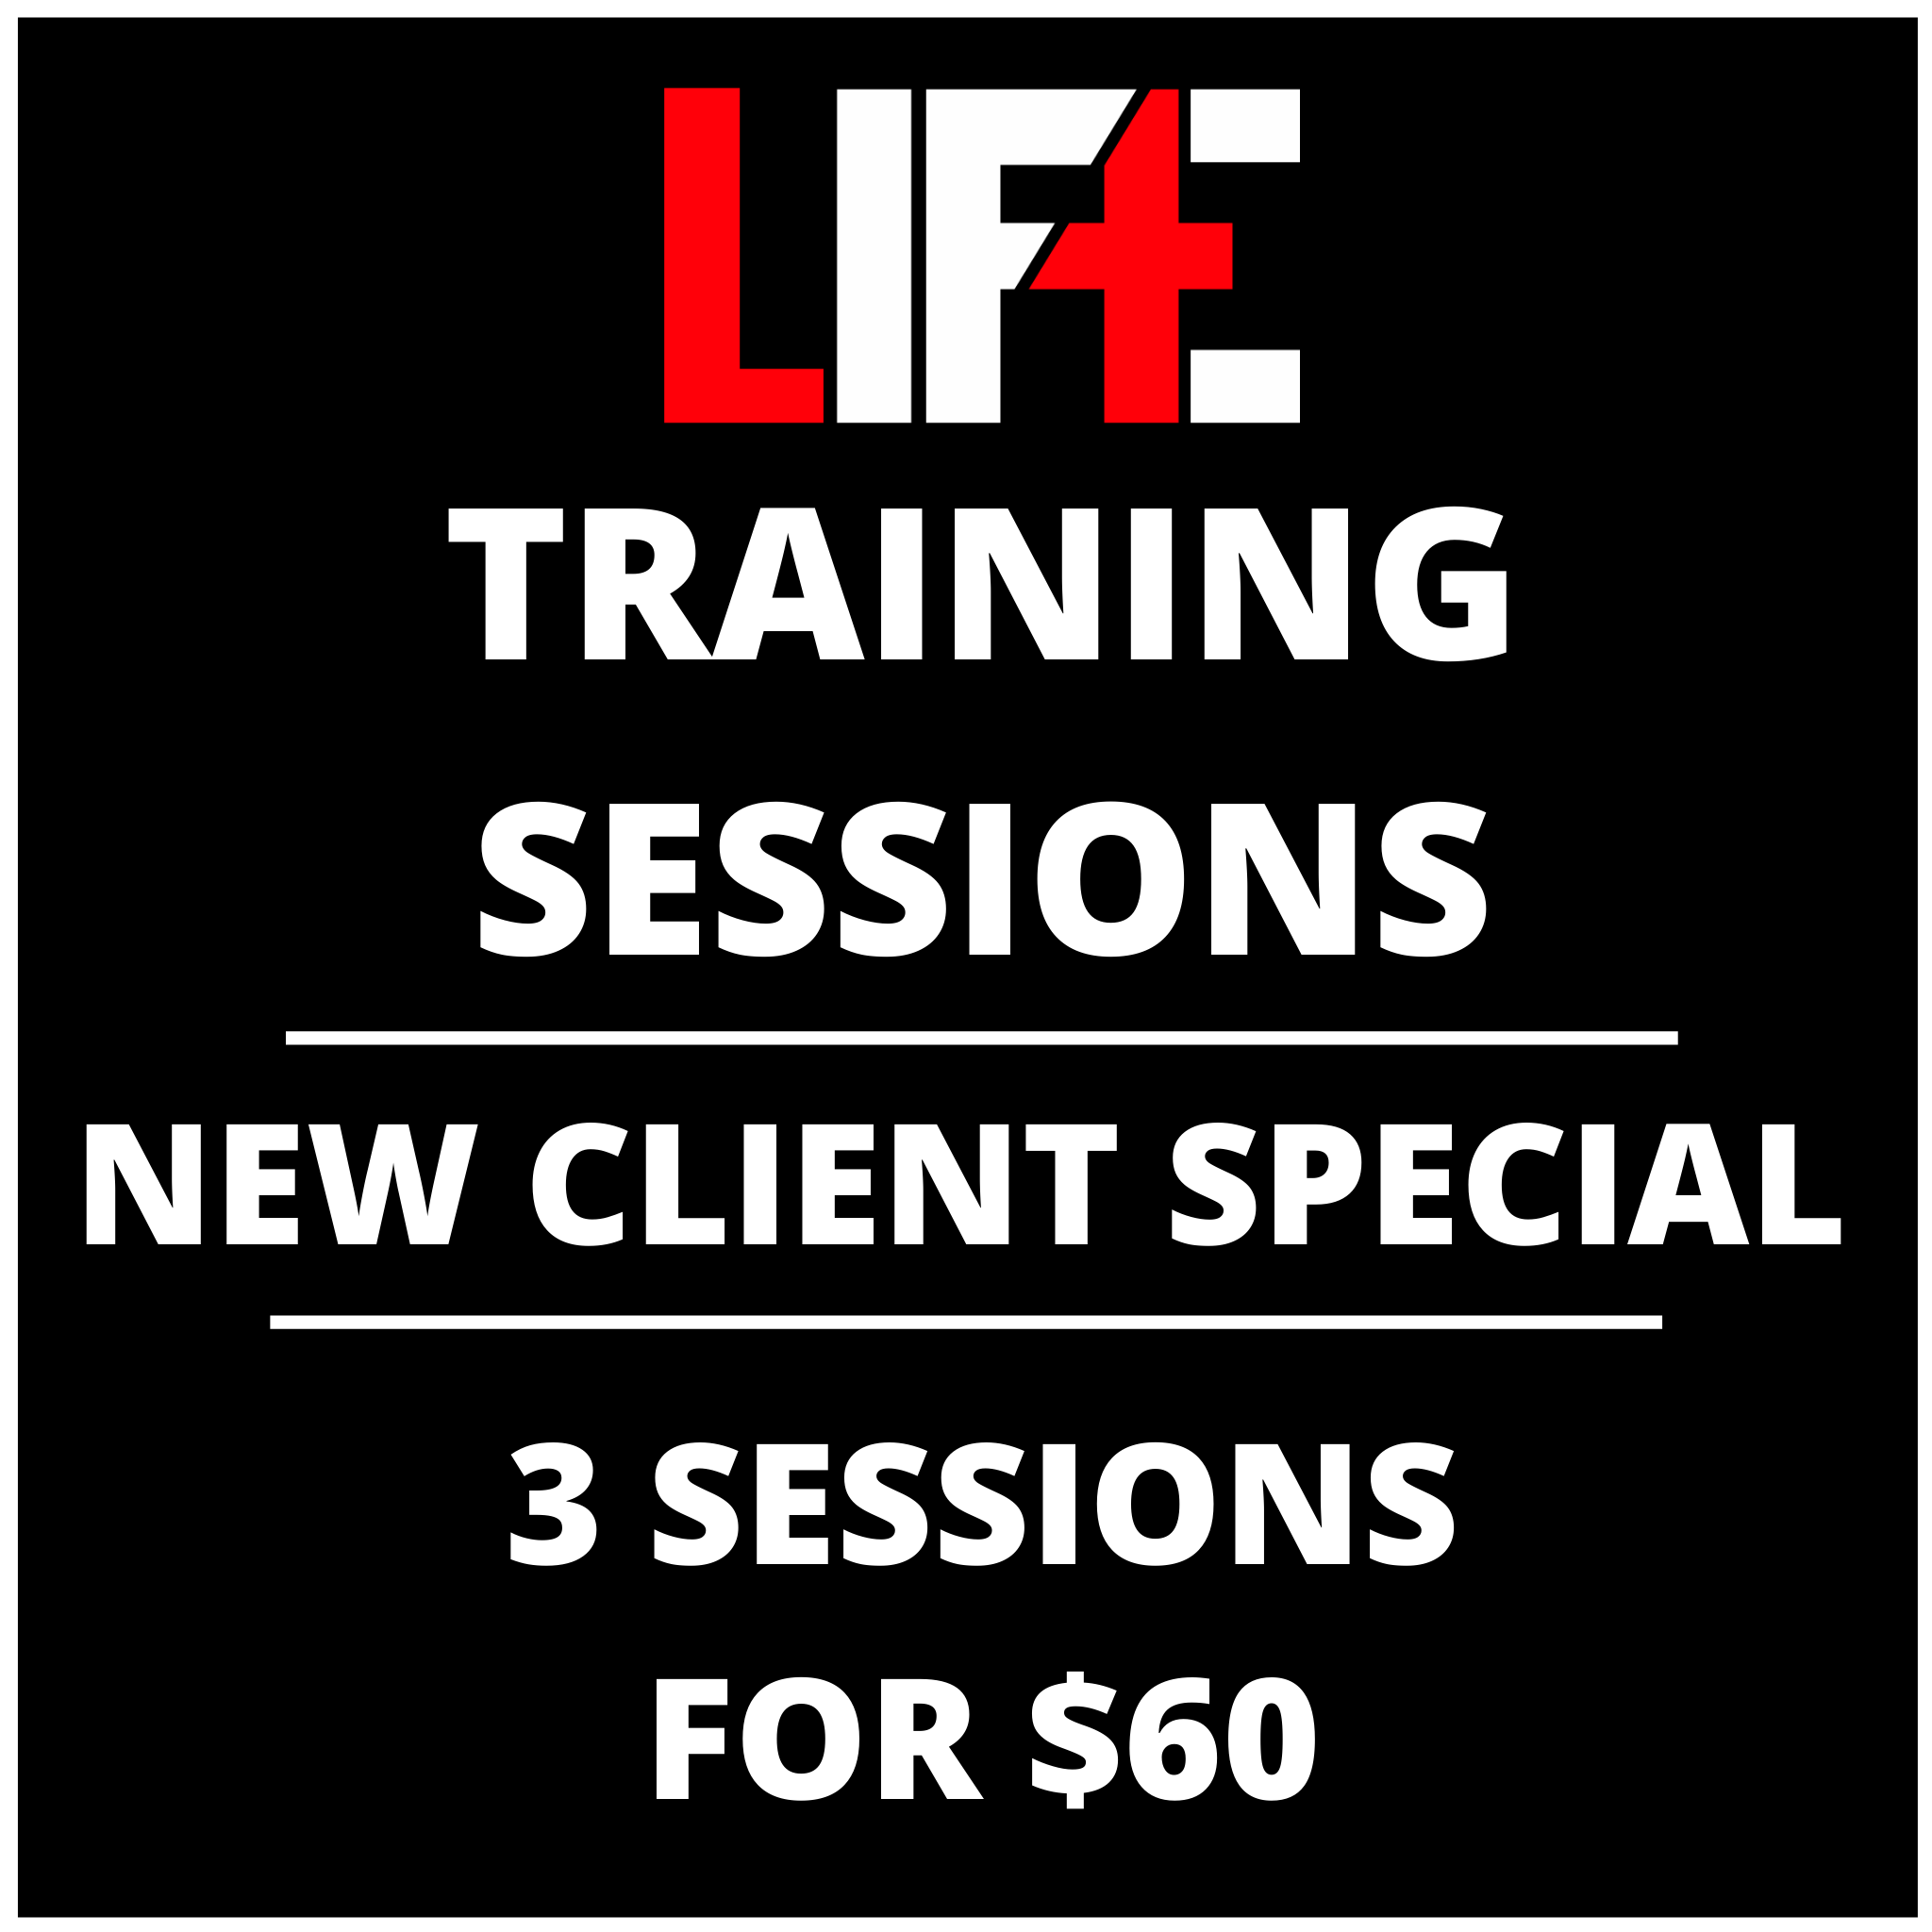 LIFTE Lab Training Sessions (New Client Special)
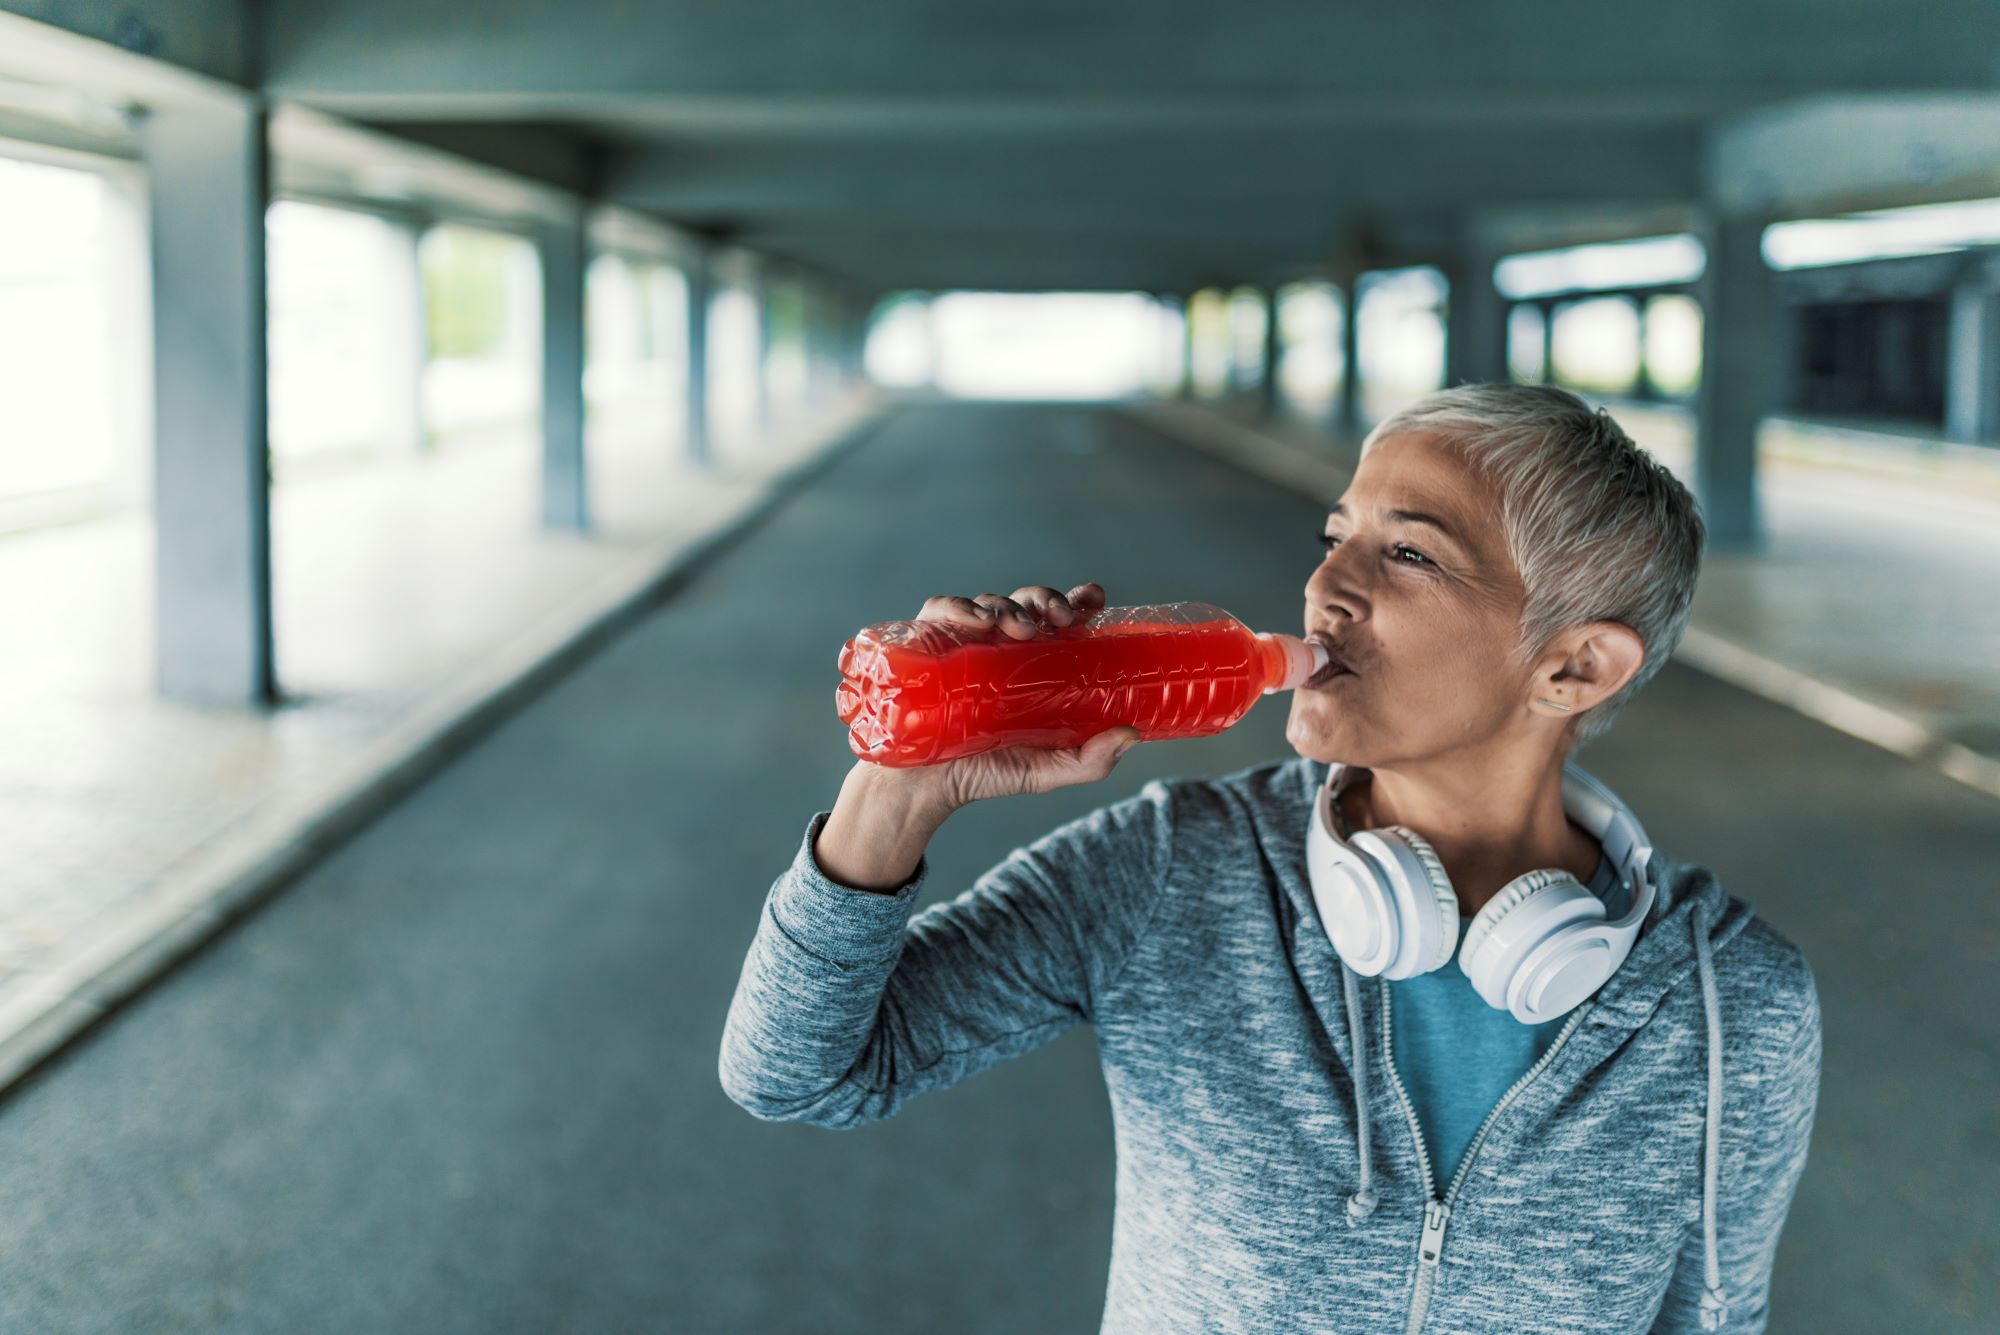 Woman enjoys a post-workout recovery beverage
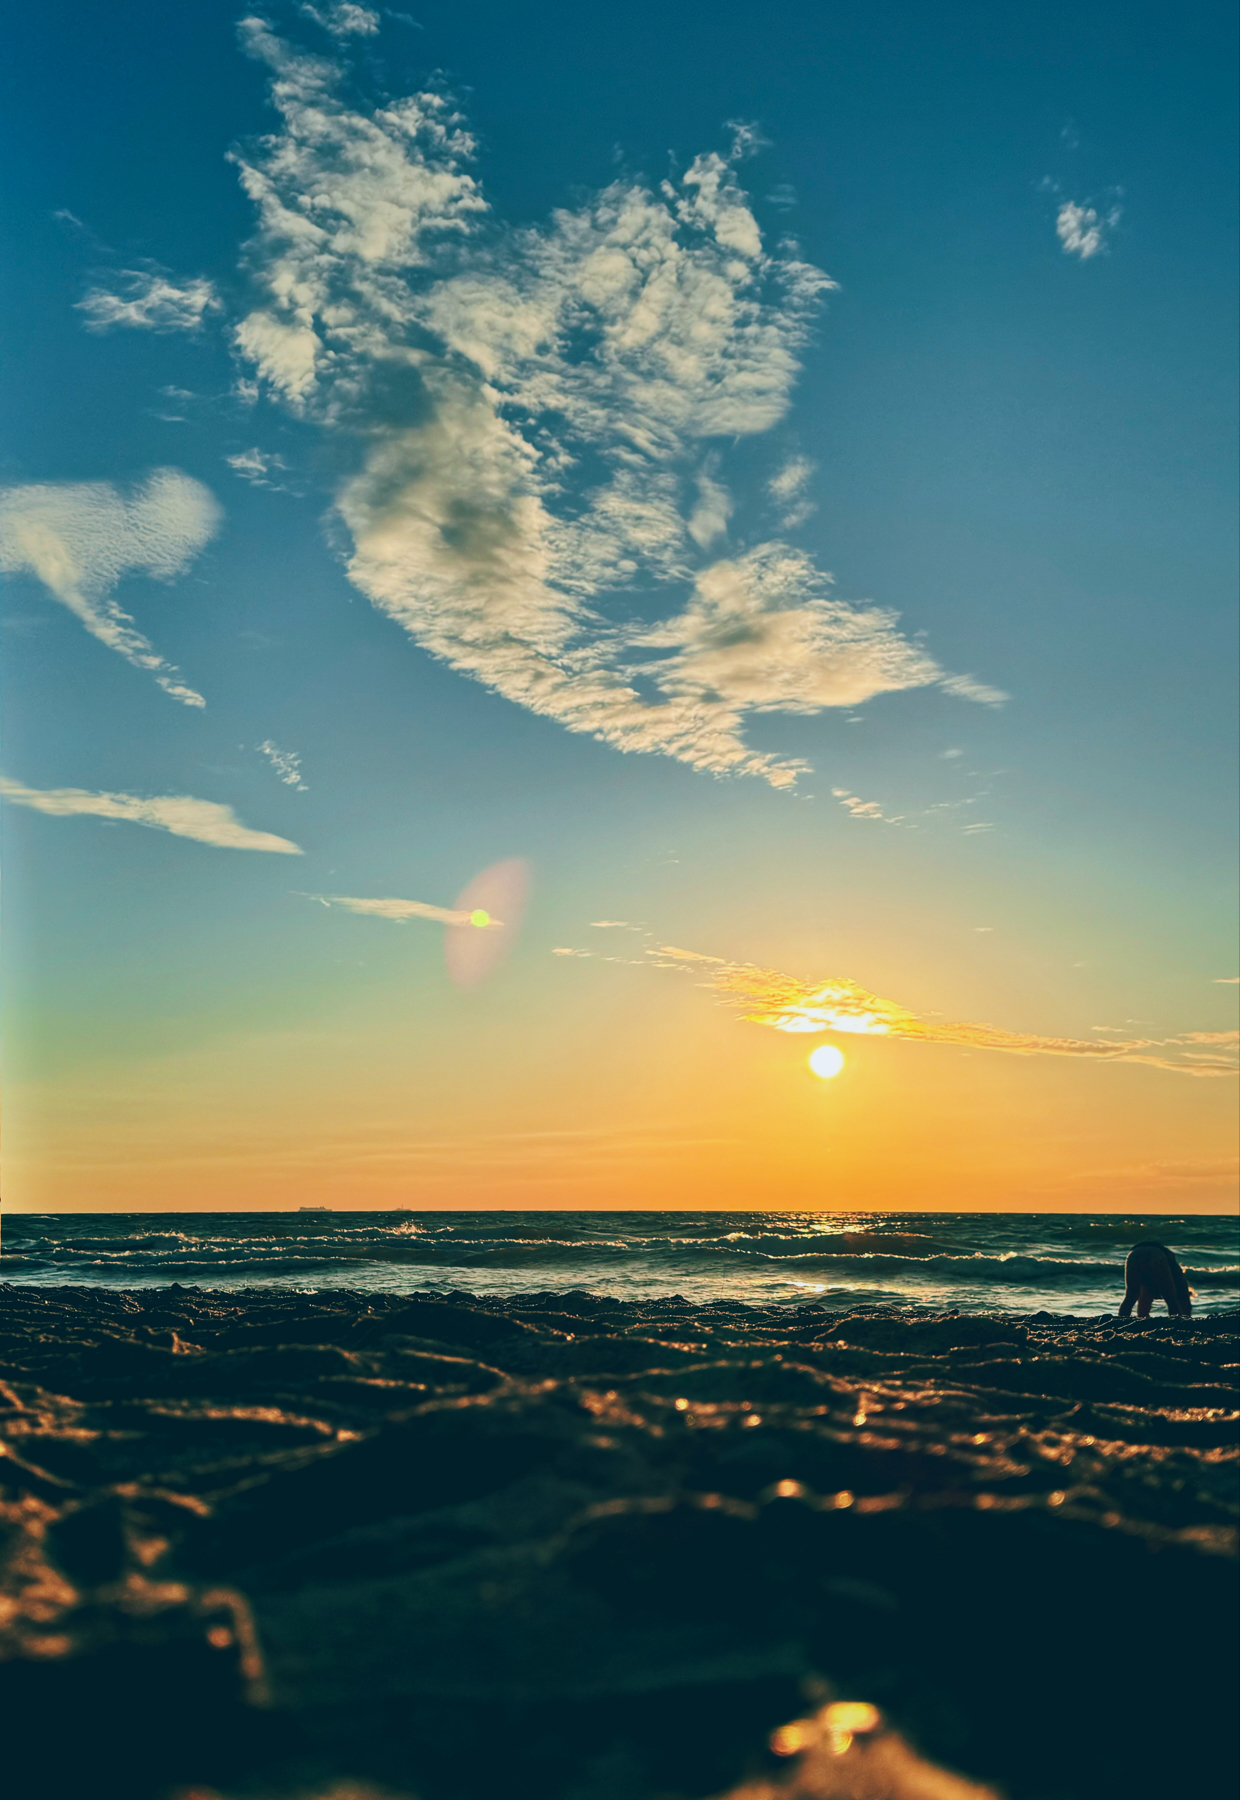 Beach scene at sunset with the sun low on the horizon, a person bending down near the water, and scattered clouds in the sky. Waves gently roll onto the shore, with golden light reflecting off the water and wet sand.
-.-.-
» **Work to complete**
Could you restate the material word for word, omitting the pictures?

» **Result**
 LIFTE Lab Training Sessions (New Client Special)
 Woman enjoys a post-workout recovery beverage
 Beach scene at sunset with the sun low on the horizon, a person bending down near the water, and scattered clouds in the sky. Waves gently roll onto the shore, with golden light reflecting off the water and wet sand.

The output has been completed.